- _EXERCISE INSTRUCTIONS_: Transcribe the data underneath exactly. No images belong in your version.

- _STORED DATA_:
Start of Block
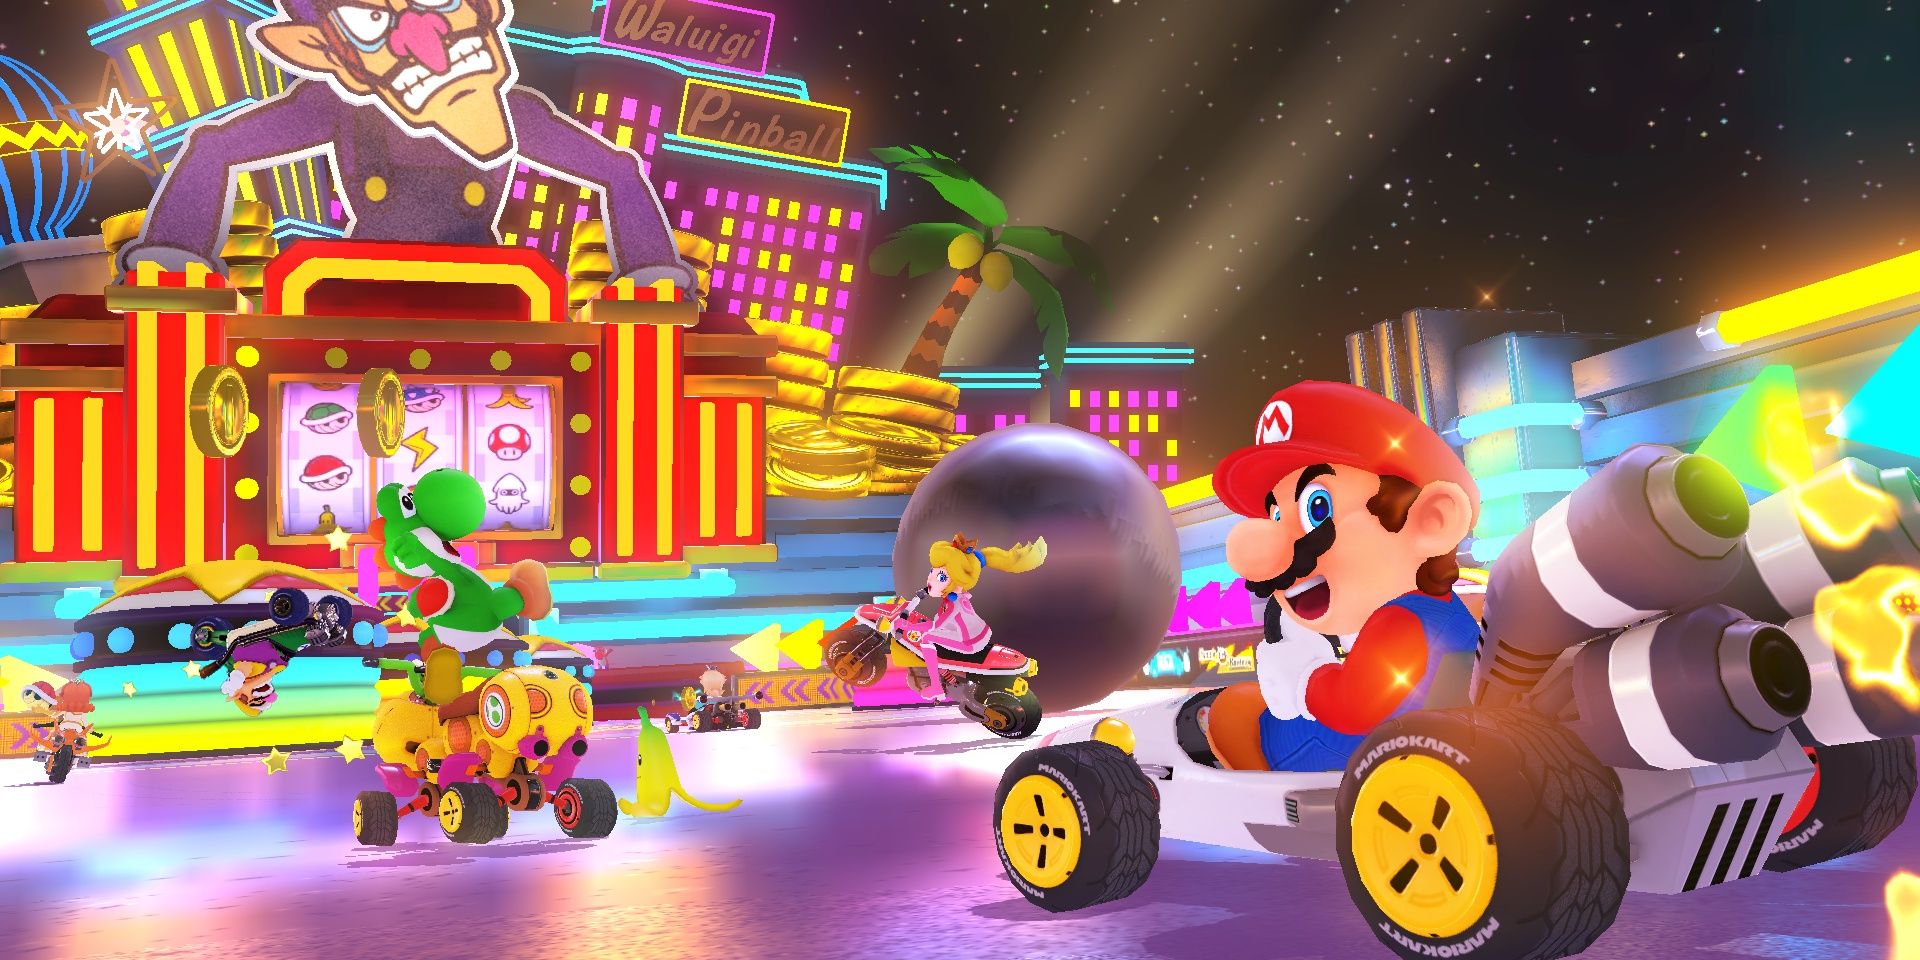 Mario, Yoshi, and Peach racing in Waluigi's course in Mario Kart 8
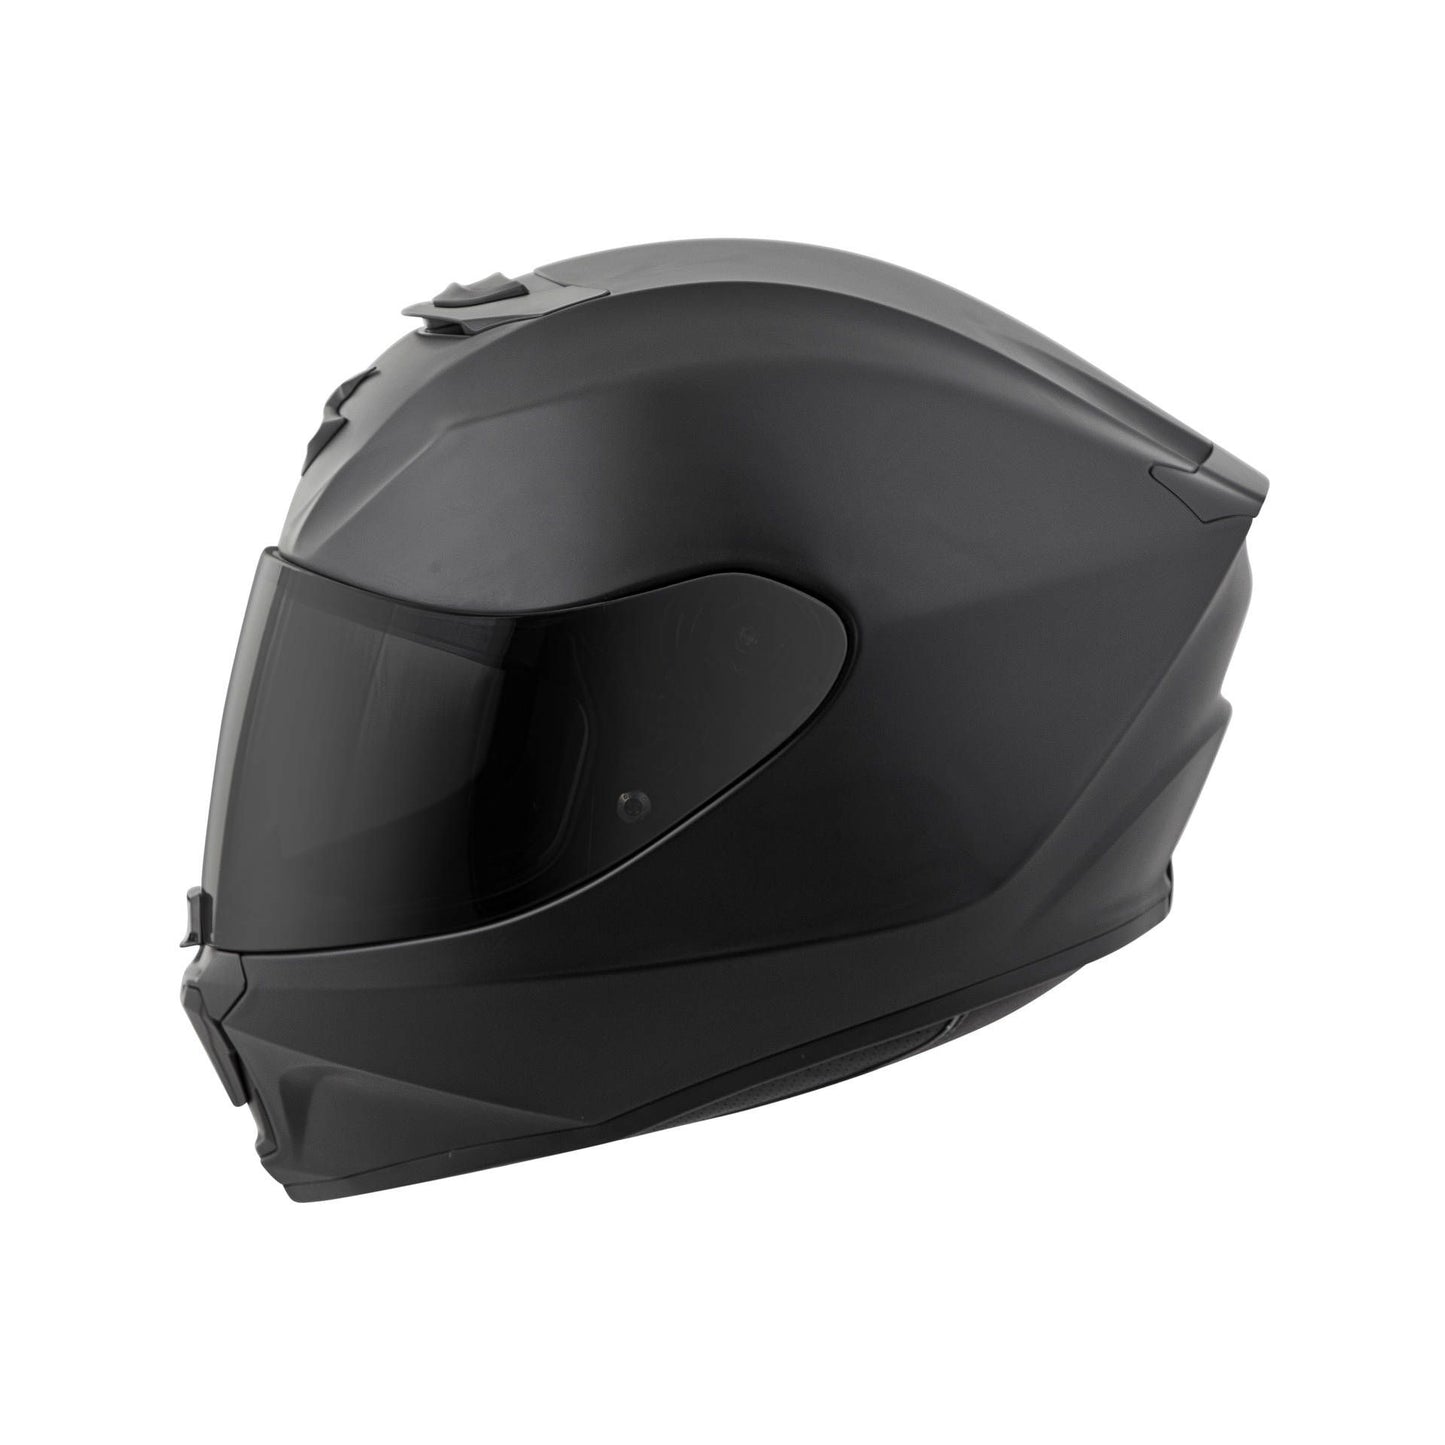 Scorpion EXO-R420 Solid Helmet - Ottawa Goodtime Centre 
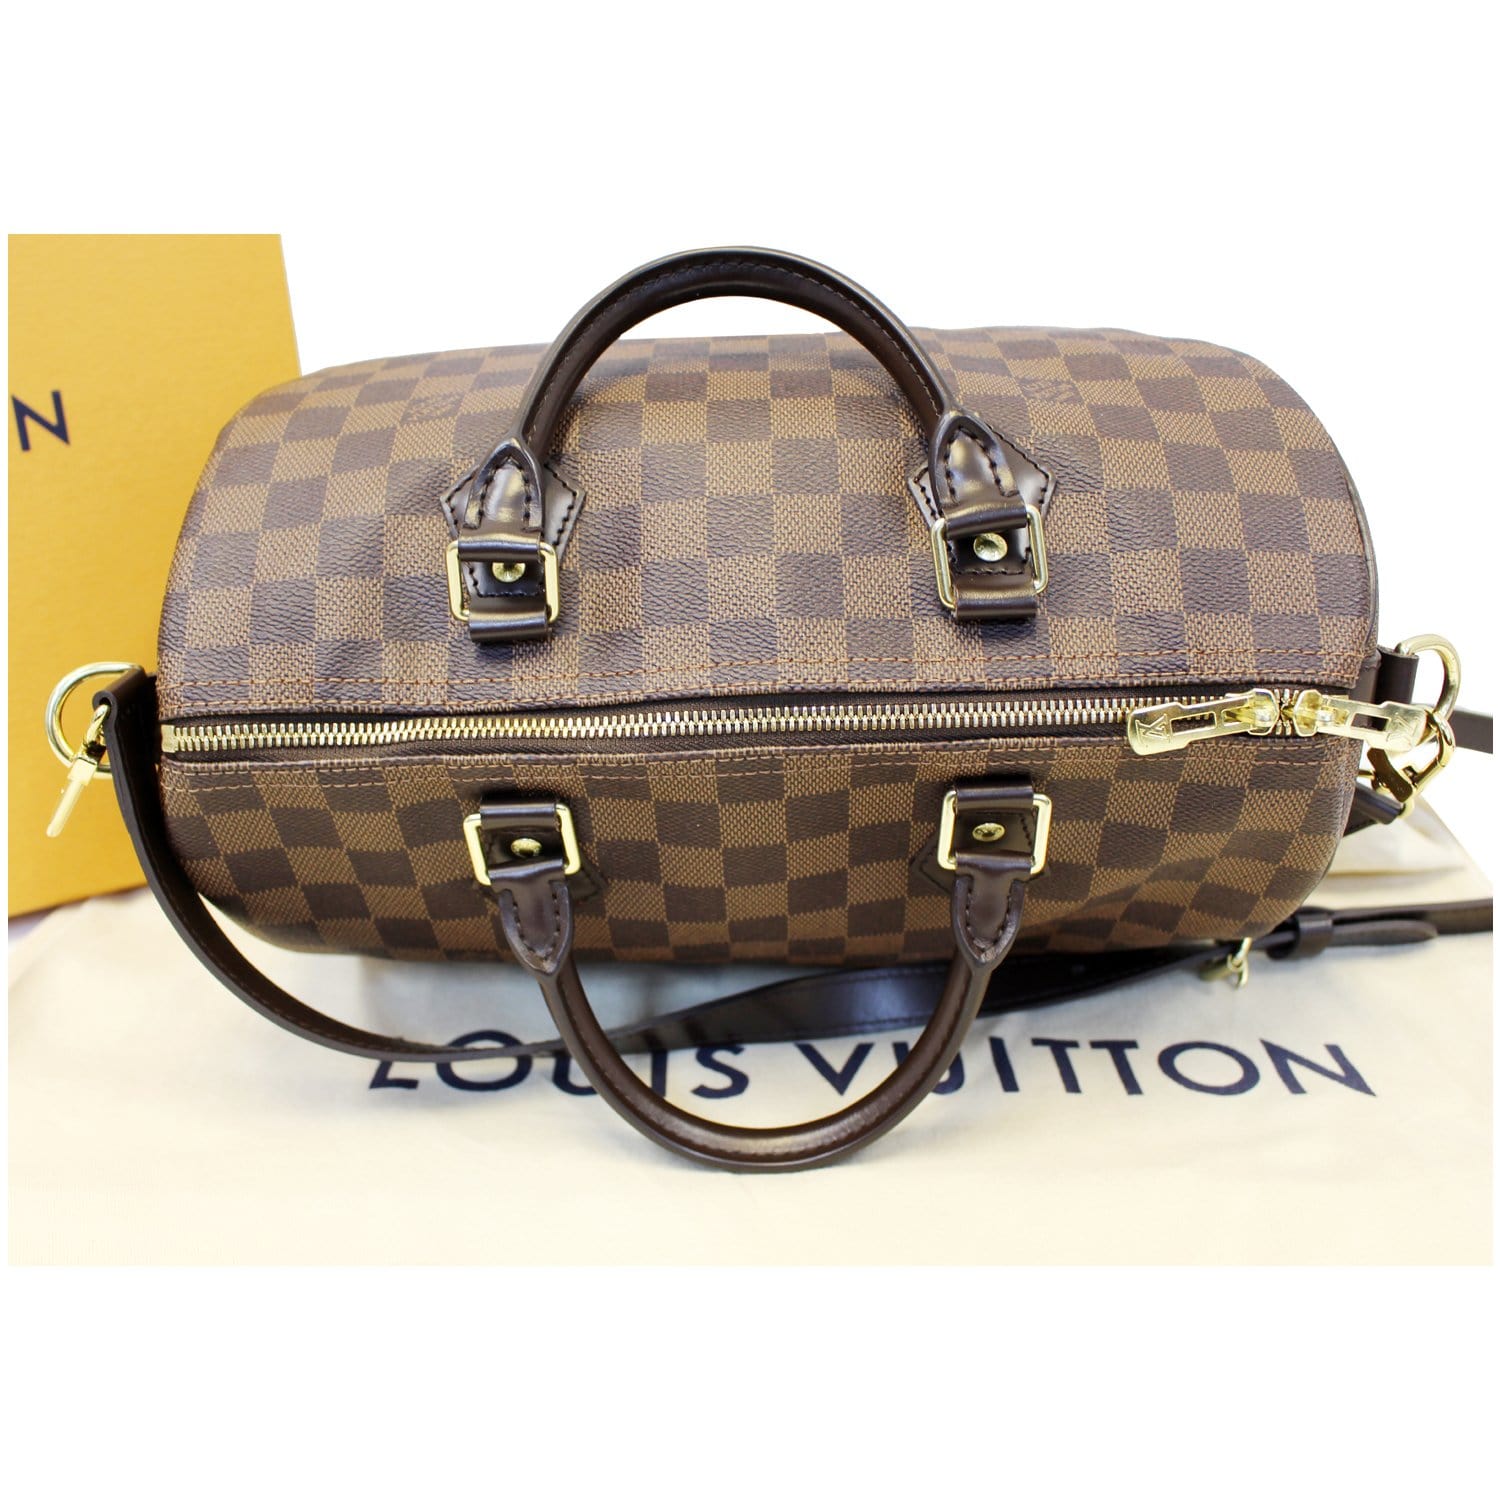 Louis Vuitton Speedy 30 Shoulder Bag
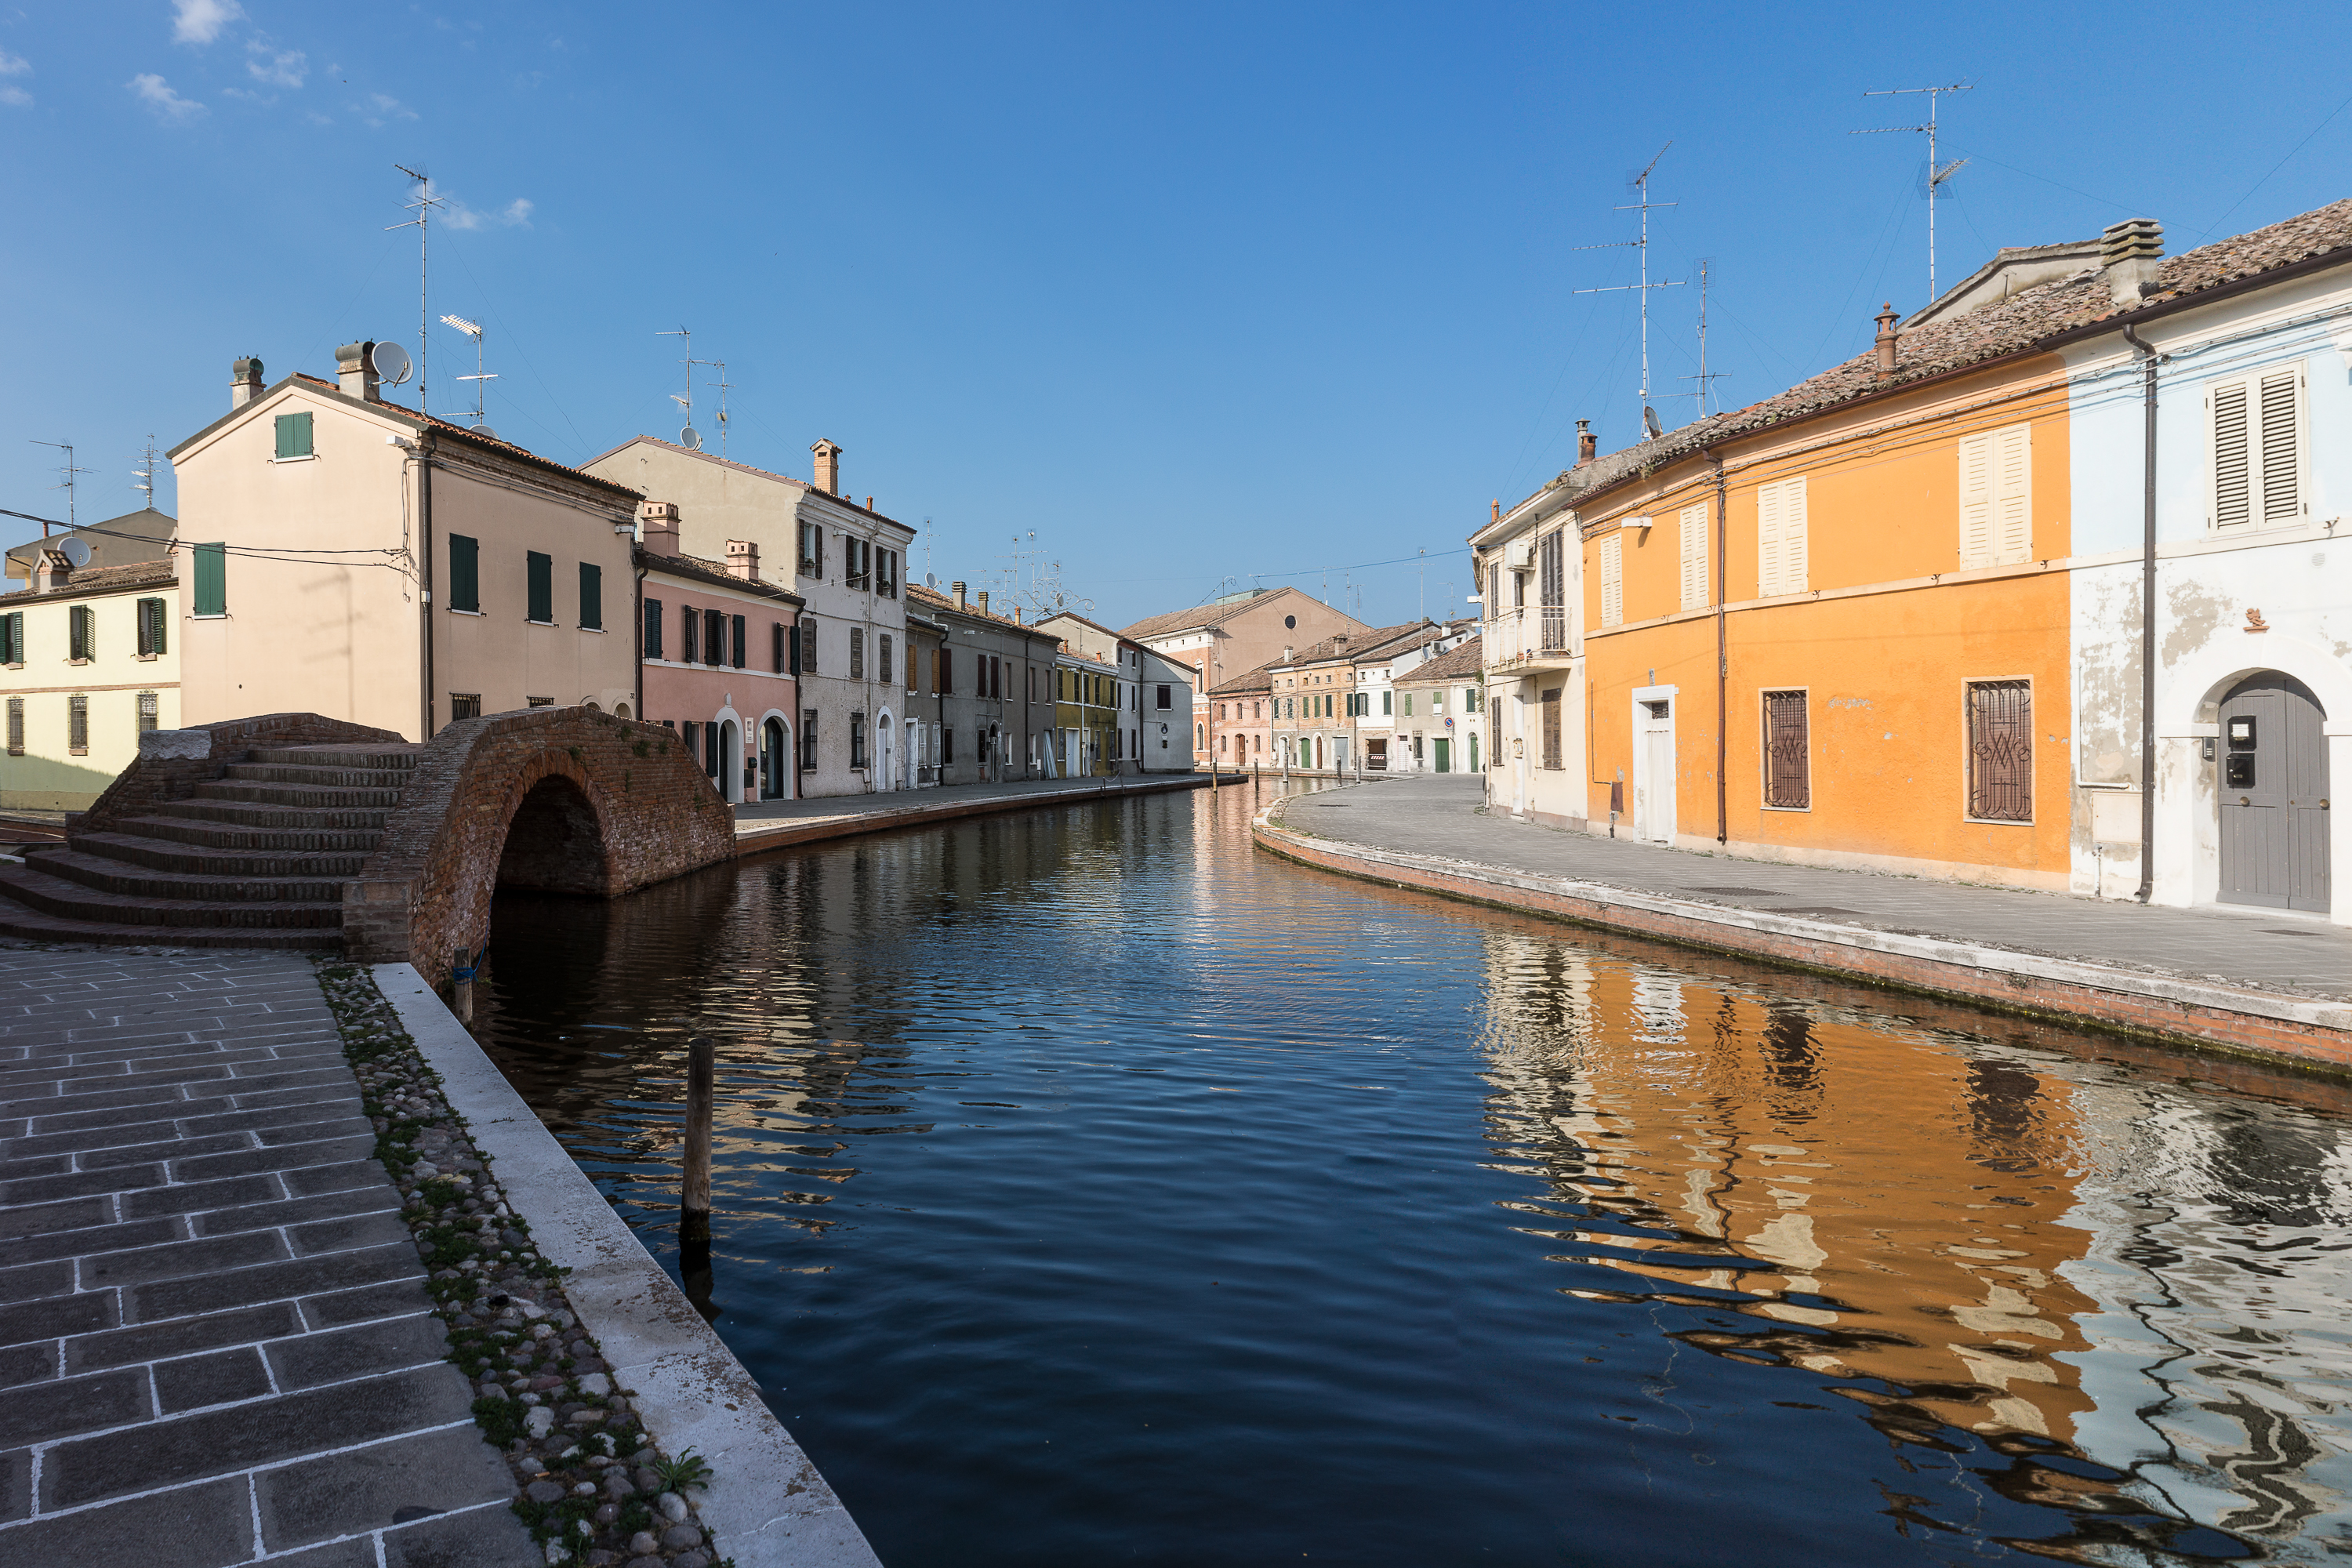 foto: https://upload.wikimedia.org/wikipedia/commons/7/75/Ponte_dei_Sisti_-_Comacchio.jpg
End of Block
- _RESULT FOR THIS EXERCISE_:
 Mario, Yoshi, and Peach racing in Waluigi's course in Mario Kart 8
 Scorpion EXO-R420 Solid Helmet - Ottawa Goodtime Centre 
 Louis Vuitton Speedy 30 Shoulder Bag
 foto: https://upload.wikimedia.org/wikipedia/commons/7/75/Ponte_dei_Sisti_-_Comacchio.jpg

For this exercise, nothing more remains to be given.